Roasted Jerusalem Artichokes and Brussels Sprout Leaves

(from Lucianolinda’s recipe box)

Source: Pittsburgh Post Gazette- Arthi Sabramaniam

Serves 4 people

Categories: Vegetables

Ingredients

  • 5 large Jerusalem artichokes (aka sunchokes)
  • 3 1/2 Tbsp. olive oil, divided use
  • Salt and pepper, to taste
  • 1 clove garlic, smashed
  • 1 small sprig rosemary
  • 1 Tbsp. butter
  • Brussels Sprouts, trimmed and leaves separated to make 3 cups
  • 1 shallot, minced
  • lemon juice

Directions

  1. Heat oven to 375 degrees. Cut knobs off Jerusalem artichokes. Reserve cut-off pieces.
  2. Heat 1 Tbsp. of the oil in an oven-safe skillet over medium-high heat.

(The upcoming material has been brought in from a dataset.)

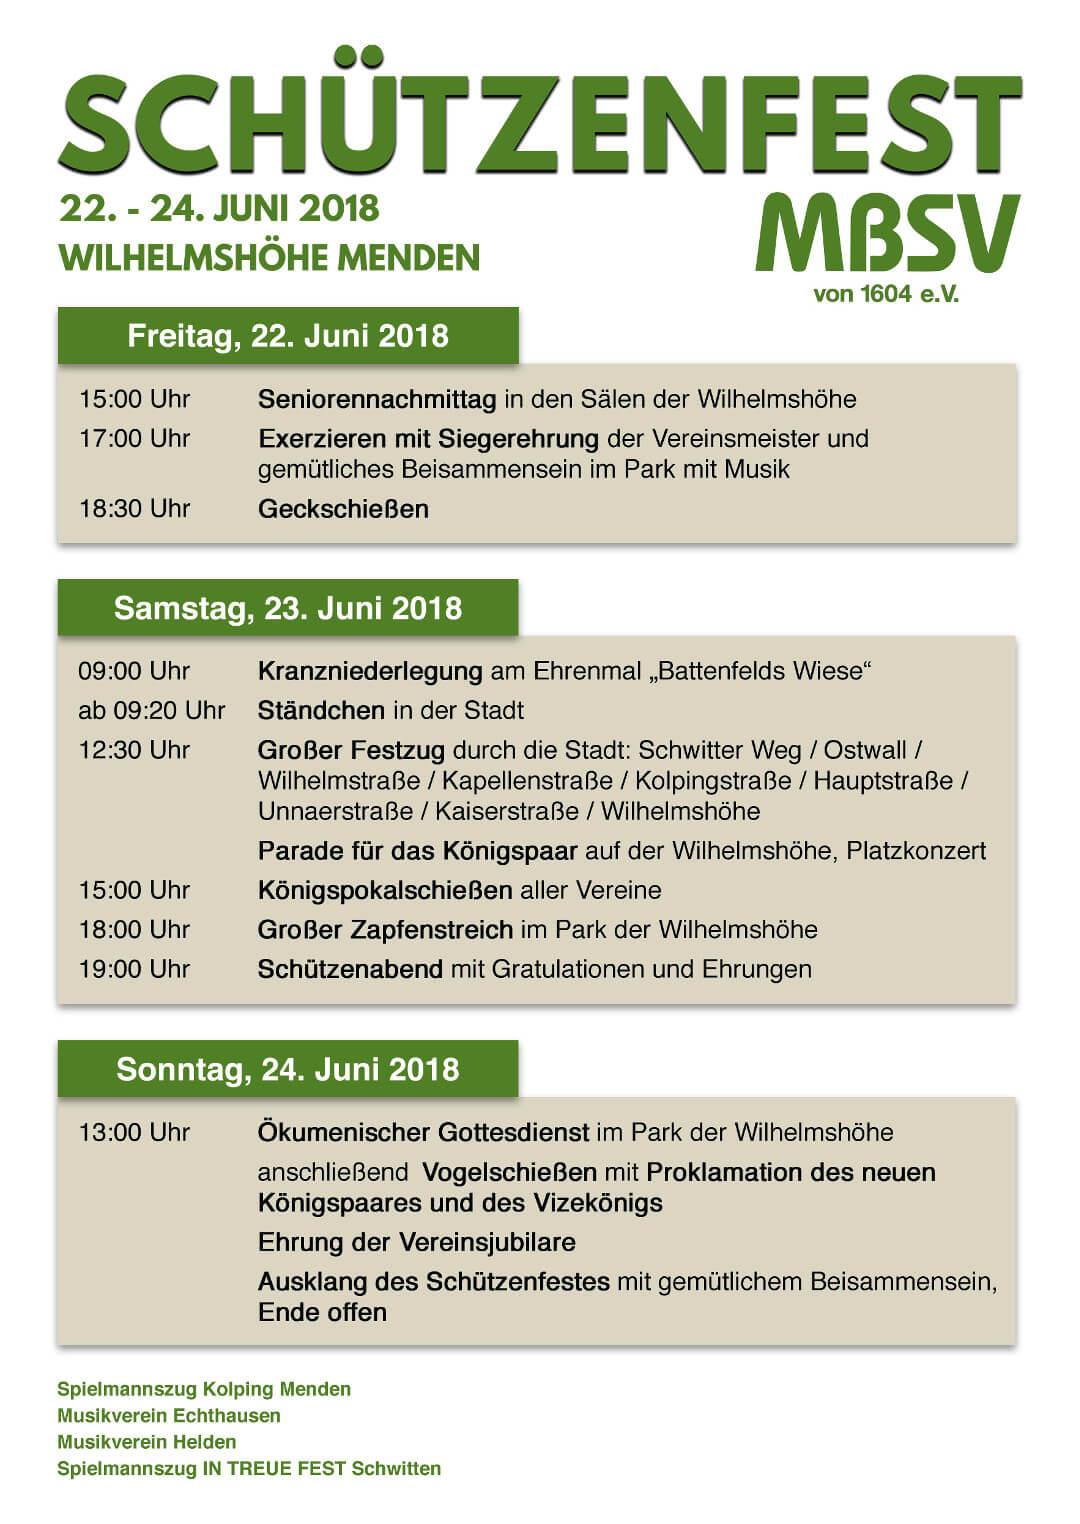 Plakat Schützenfest 2018 MBSV 1604

Add the cut-off pieces and the larger sunchoke pieces, salt and pepper, and cook until brown all over, about 6 minutes, removing the smaller pieces as they soften. Then transfer pa to oven and roast tender, about 30 minutes, turning after 10 minutes for even browning.
  3. Remove skillet from oven and put it on a burner over medium heat. Add garlic, rosemary and butter. using a spoon. baste the sunchokes until they are lightly glazed and light brown all over.
  4. Transfer to a cutting board and thickly slice
  5. crosswise.

  6. Heat 2 Tbsp. of the oil in a large skillet over medium-high heat. Add the Brussels sprout leaves, salt and pepper, and cook for about a minute, stirring constantly. Add shallots, cook for 1 minute, stirring.
  7. Add sunchokes and cook until the Brussels sprout leaves are brown in places and crisp-tender, about another minute. Season with lemon juice and stir in the remaining 1/2 Tbsp. oil.